I was literally left with my mouth open by an article in the latest edition of Fortune Magazine. It was about American Express’ new, innovative approach to improve customer service: first, ask your customer service employees how you can improve customer service; then use some of their ideas, give them a better working environment, higher pay and a clearer path to advancement.
The concept behind the strategy, according to the article: happier customer service employees make for better customer service. Really? Seriously? Is it me, or is this laughably, painfully, embarrassingly obvious?
Allow me to suggest articles for upcoming issues of Fortune:
“Company includes phone number and website address in print ads; sales double overnight!”
“Retailer installs cash registers in all stores to facilitate ease of purchase, sales jump.”
“Factory gives employees forklifts to move heavy stuff; productivity skyrockets.”
I have about 20 more of those, but you get the idea.
After I calmed down from the absurdity — or maybe I’m just pissed I wasn’t the consultant who charged American Express a huge fee to tell them happy employees make happy customers — I started to think about “the simple things” and whether small businesses (the type of company I serve) are doing them.
The reality is, there are lots of painfully obvious things that may be standing in the way of your marketing success-
I visited on the phone with three owners of a start-up company yesterday. One of them told me they sell a personality profile. I had spent 15 minutes on their website preparing for the phone call and didn’t understand that they sell a personality profile.
“Company clearly explains what they sell on Home page, sales take off!”
Companies often want me to increase their website traffic. I regularly have to spend time, first, simplifying their website. Too many pages. Their message broken into too many pieces. With the average visit under three minutes and three pages, this is a problem.
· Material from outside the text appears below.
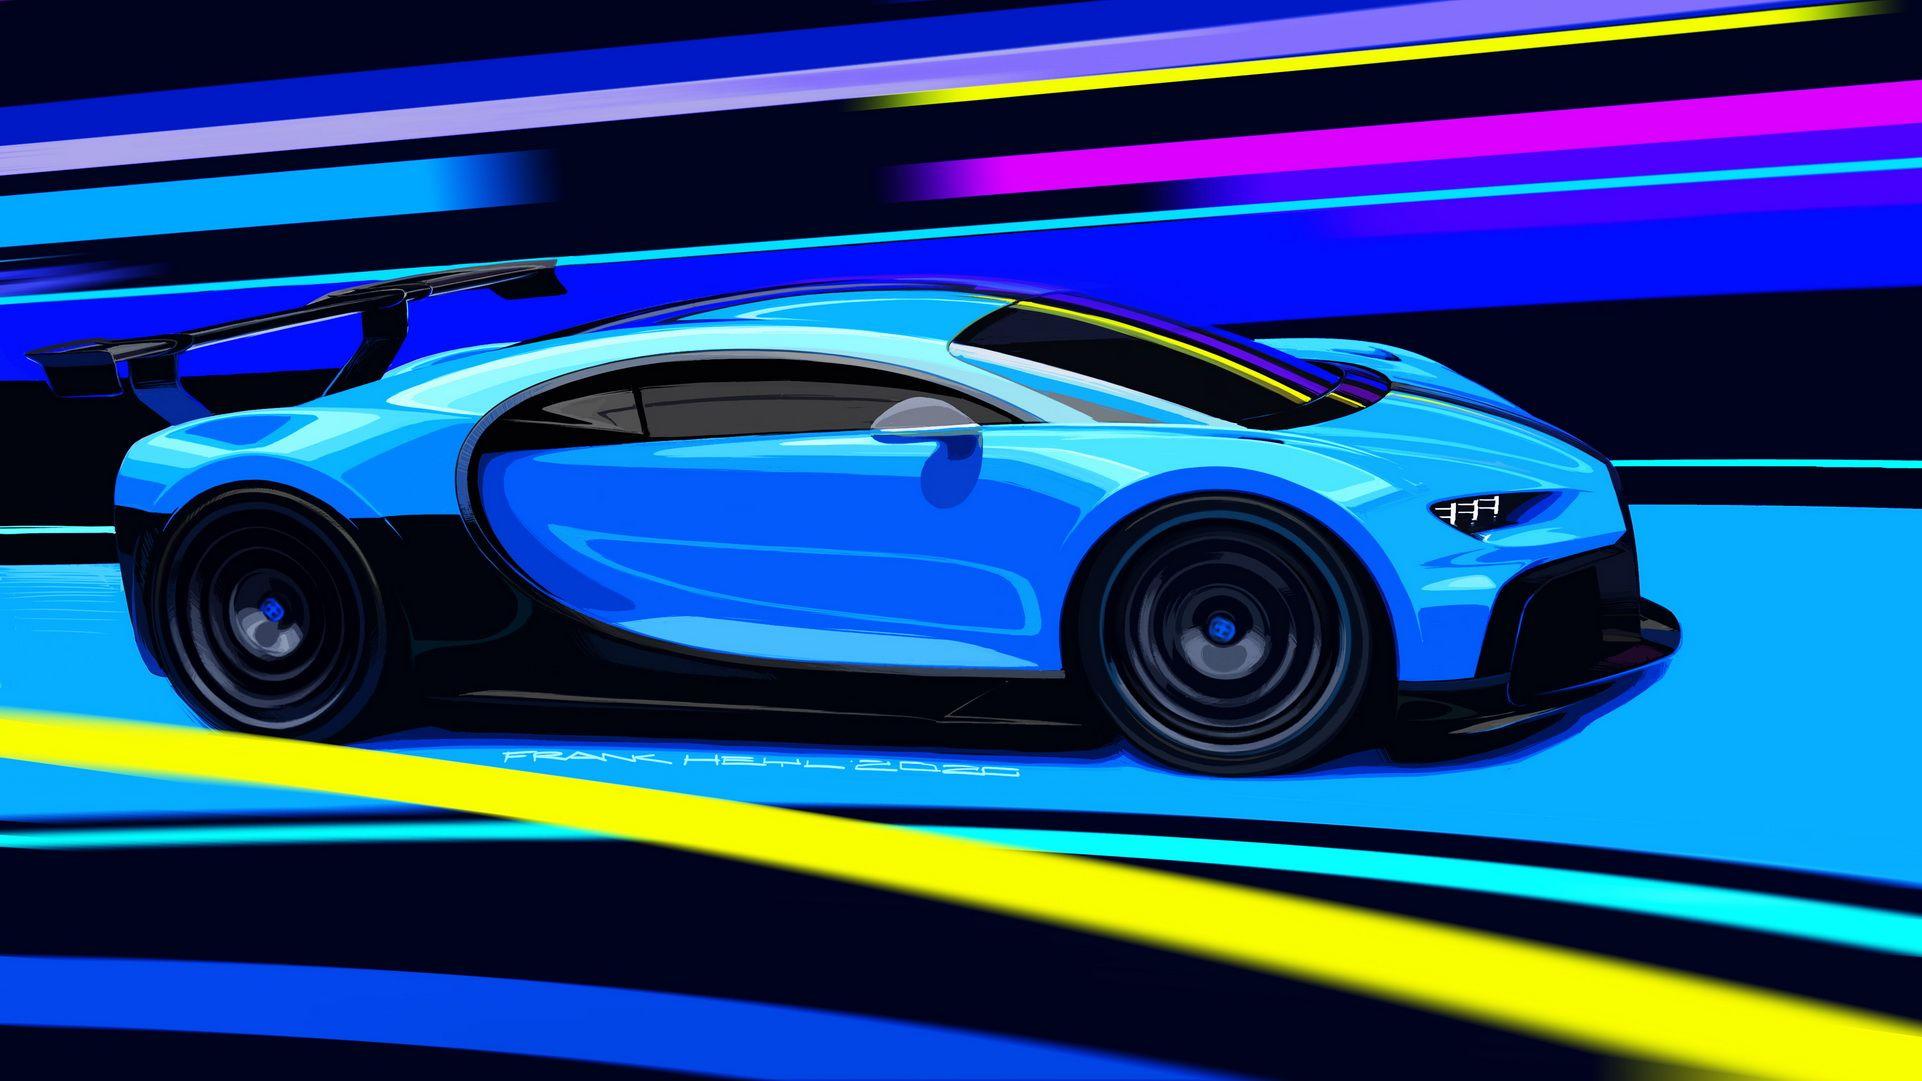 New Bugatti Chiron Pur Sport Breaks Cover With Aero Upgrades Stiffer Suspension Updated Carscoops Bugatti Chiron New Bugatti Chiron Bugatti

“Company tells whole story on Home page, again on Services page and again on About page, conversions soar.”
Another problem I see as a consultant: companies with messages that sound like everybody else. They work hard at describing what they’re good at and what they think customers are interested in. But they do it in a vacuum from what their competitors are saying. A general contractor retained me to refine their message. I compared their message with 14 of their competitors. Eight fundamentally said the same thing. Why, then, are general contractors so surprised when owners select the low bid? If everybody sounds the same, why NOT go with the low bidder?
“Company separates itself from the pack, closes more business.”
So, the lesson? Large corporations are dumber than we think? No. Go through your marketing and ask painfully obvious questions-
Does your marketing message tell people what we do and what we sell quickly and clearly?
Does your website force people onto multiple pages to tell your whole story?
Do you treat prospective customers better than existing customers?
Are you easy to do business with?
Are you asking prospects to take some type of action?
Is the action you’re asking prospects to take appropriate action?
Don’t let the painfully obvious get the best of you!!